What to produce:
Please retype the data in full and exactly; the pictures are not part of the copy.

Supplied material:
_____
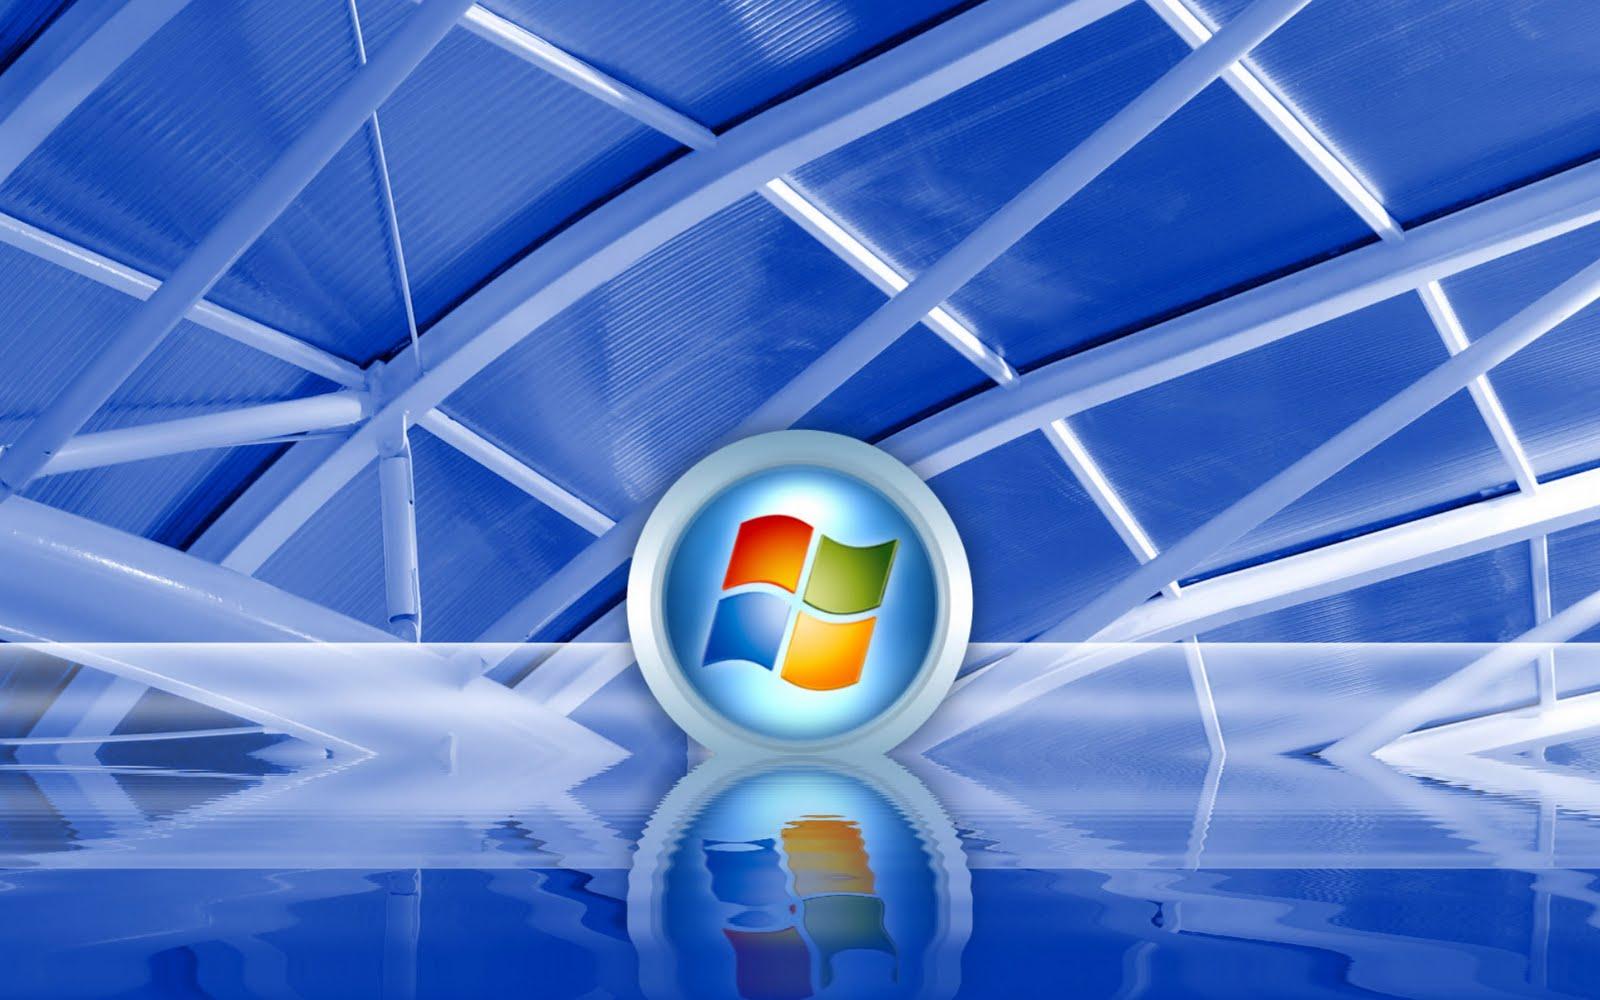 http://3.bp.blogspot.com/-nqt0WG2e0Ow/TWwvBANkDKI/AAAAAAAAEaA/dlt23oG25HA/s1600/Vista%2BWallpaper%2B%252817%2529.jpg
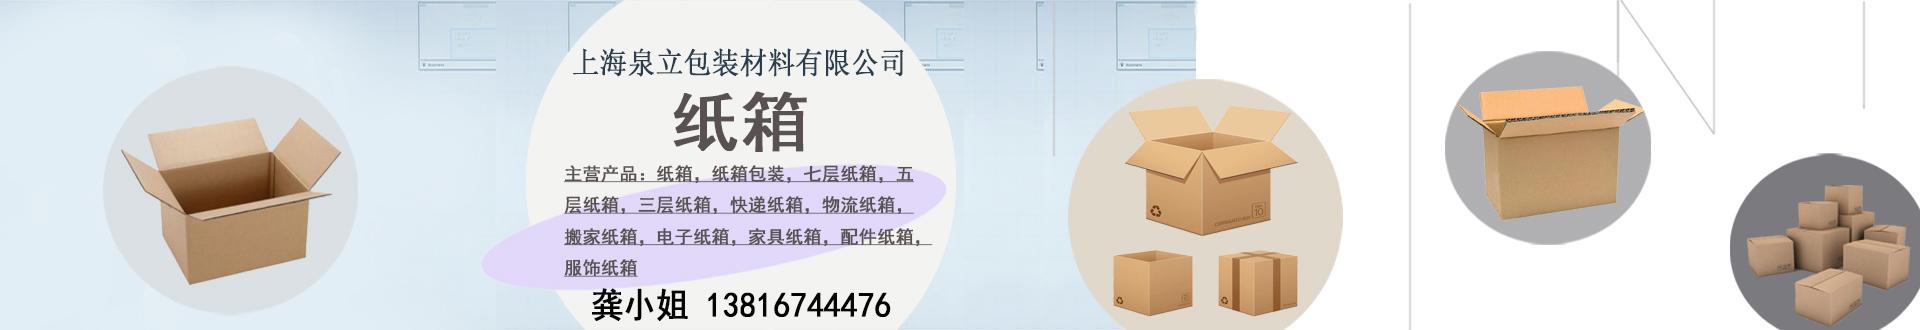 上海泉立包装材料有限公司
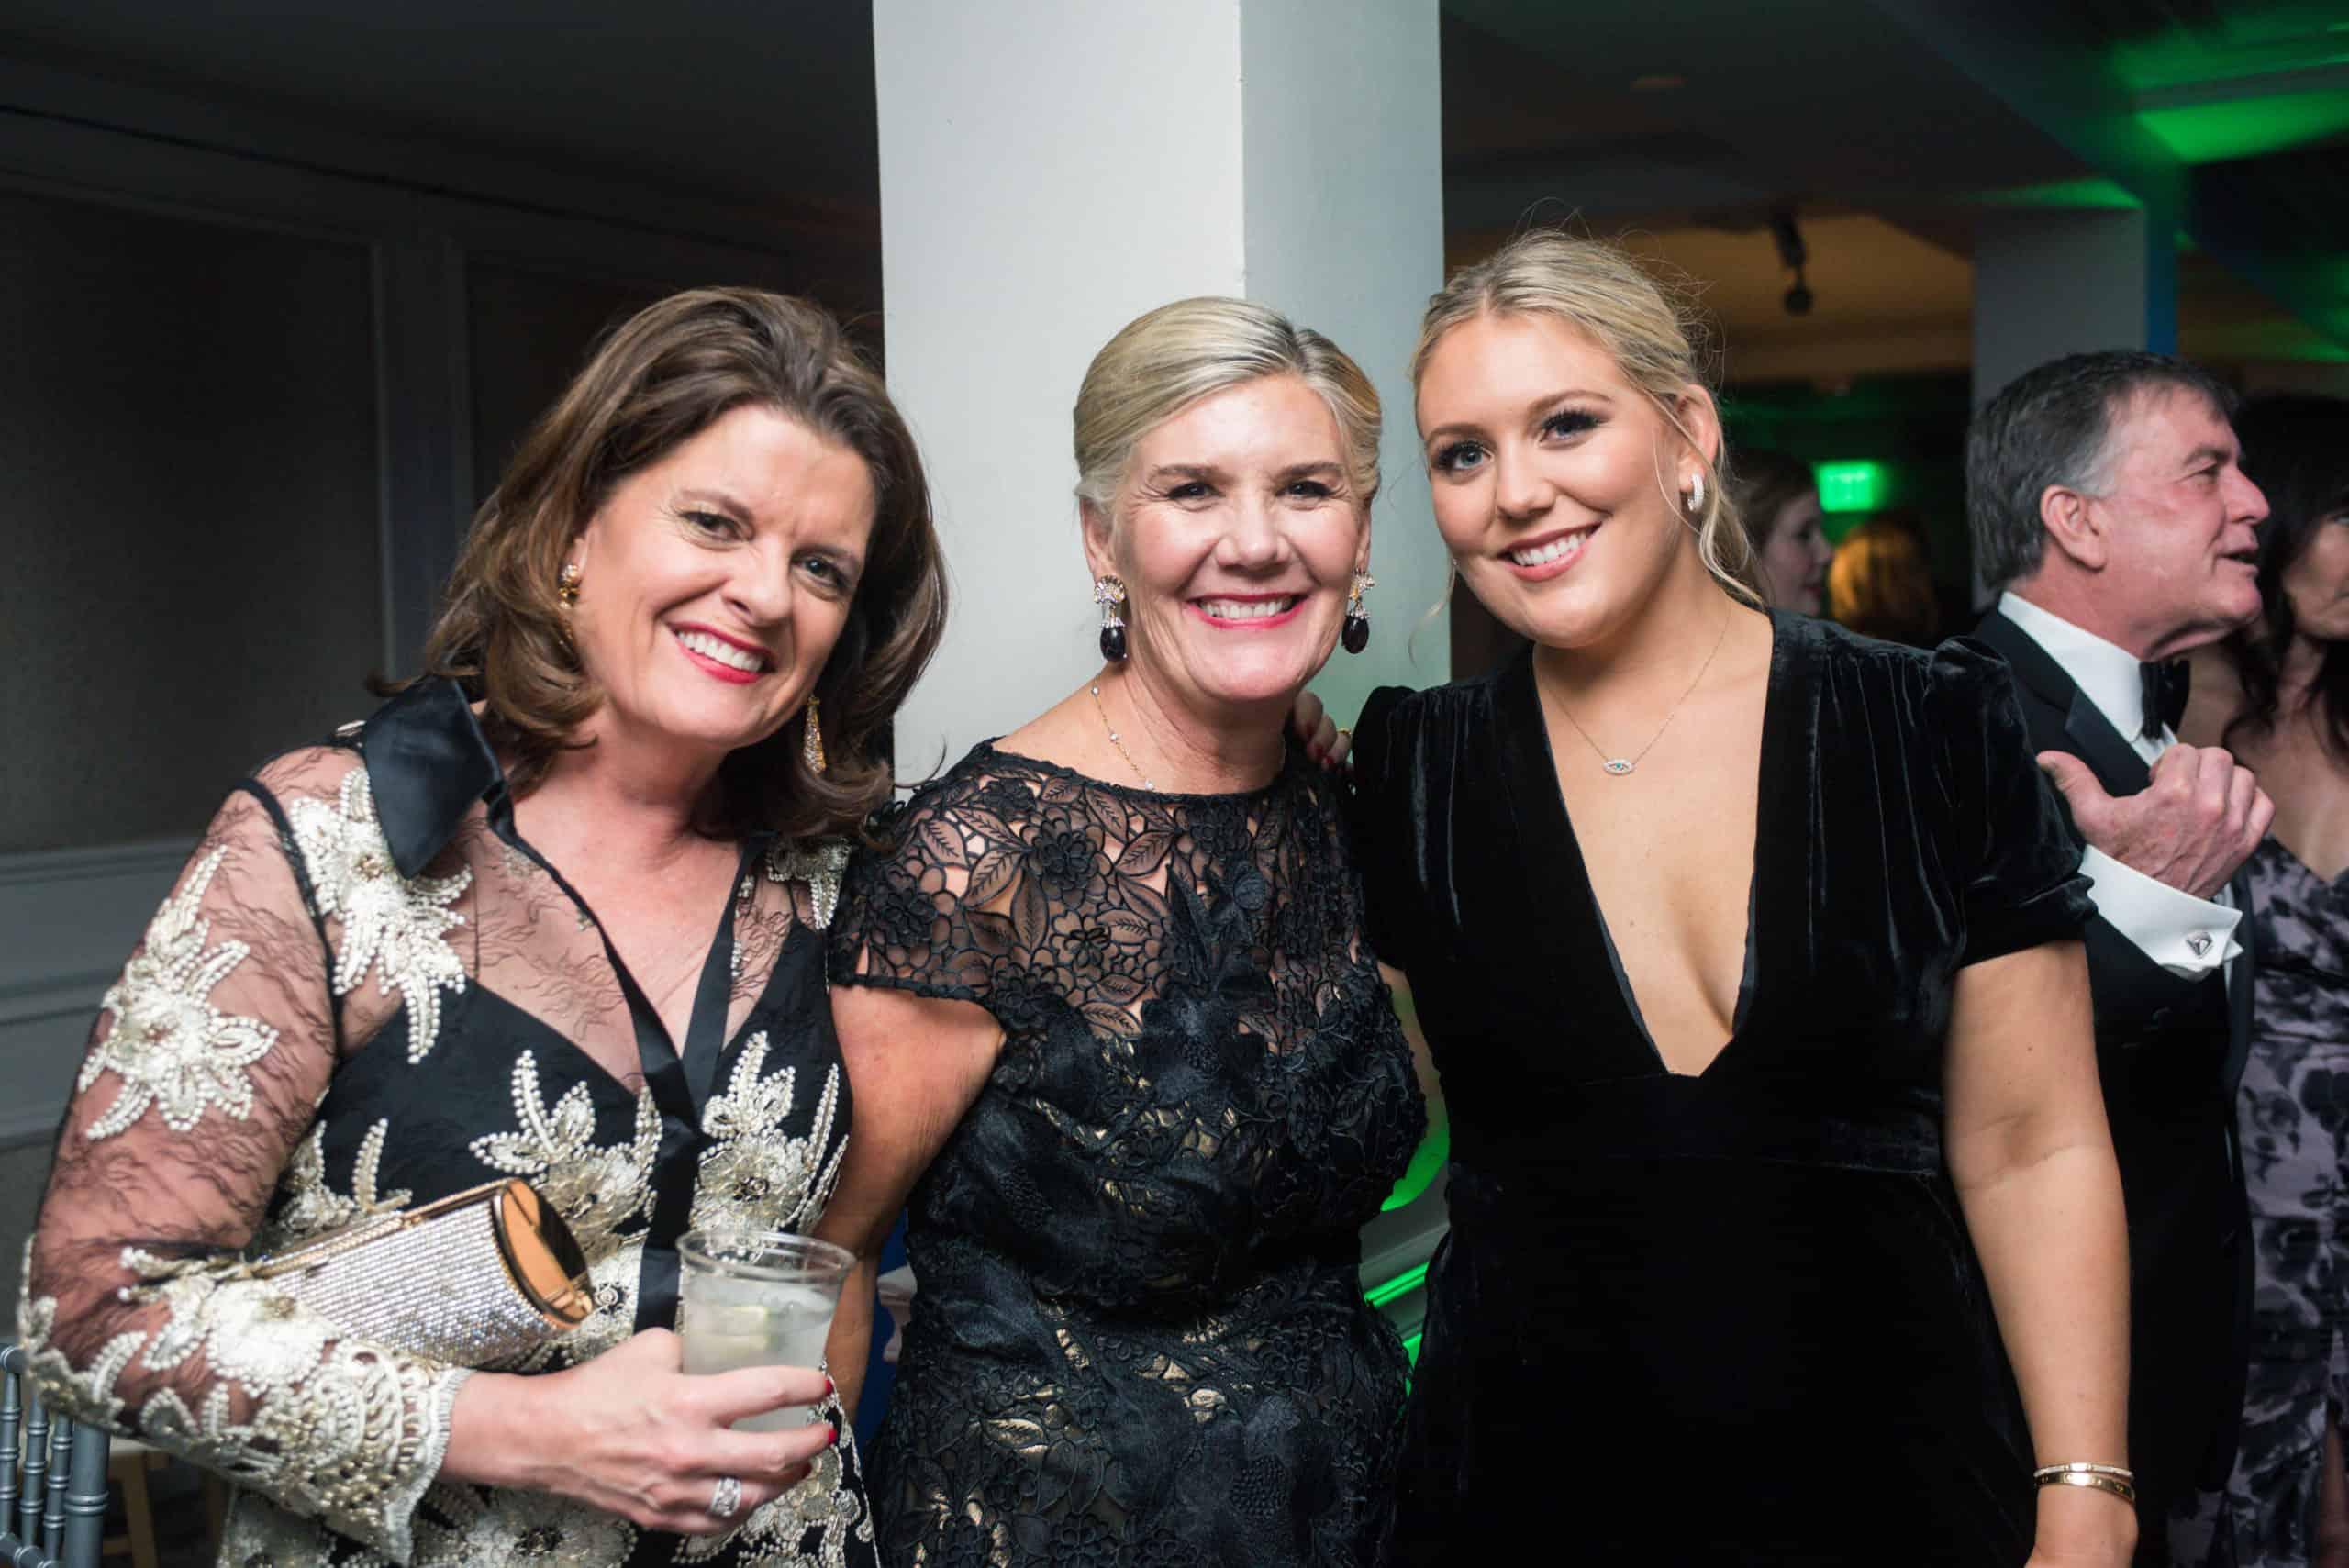 Kathy Bonner, Amy Ryder and Sarah Ryder
_____
Your solution:
 http://3.bp.blogspot.com/-nqt0WG2e0Ow/TWwvBANkDKI/AAAAAAAAEaA/dlt23oG25HA/s1600/Vista%2BWallpaper%2B%252817%2529.jpg
 上海泉立包装材料有限公司
 Kathy Bonner, Amy Ryder and Sarah Ryder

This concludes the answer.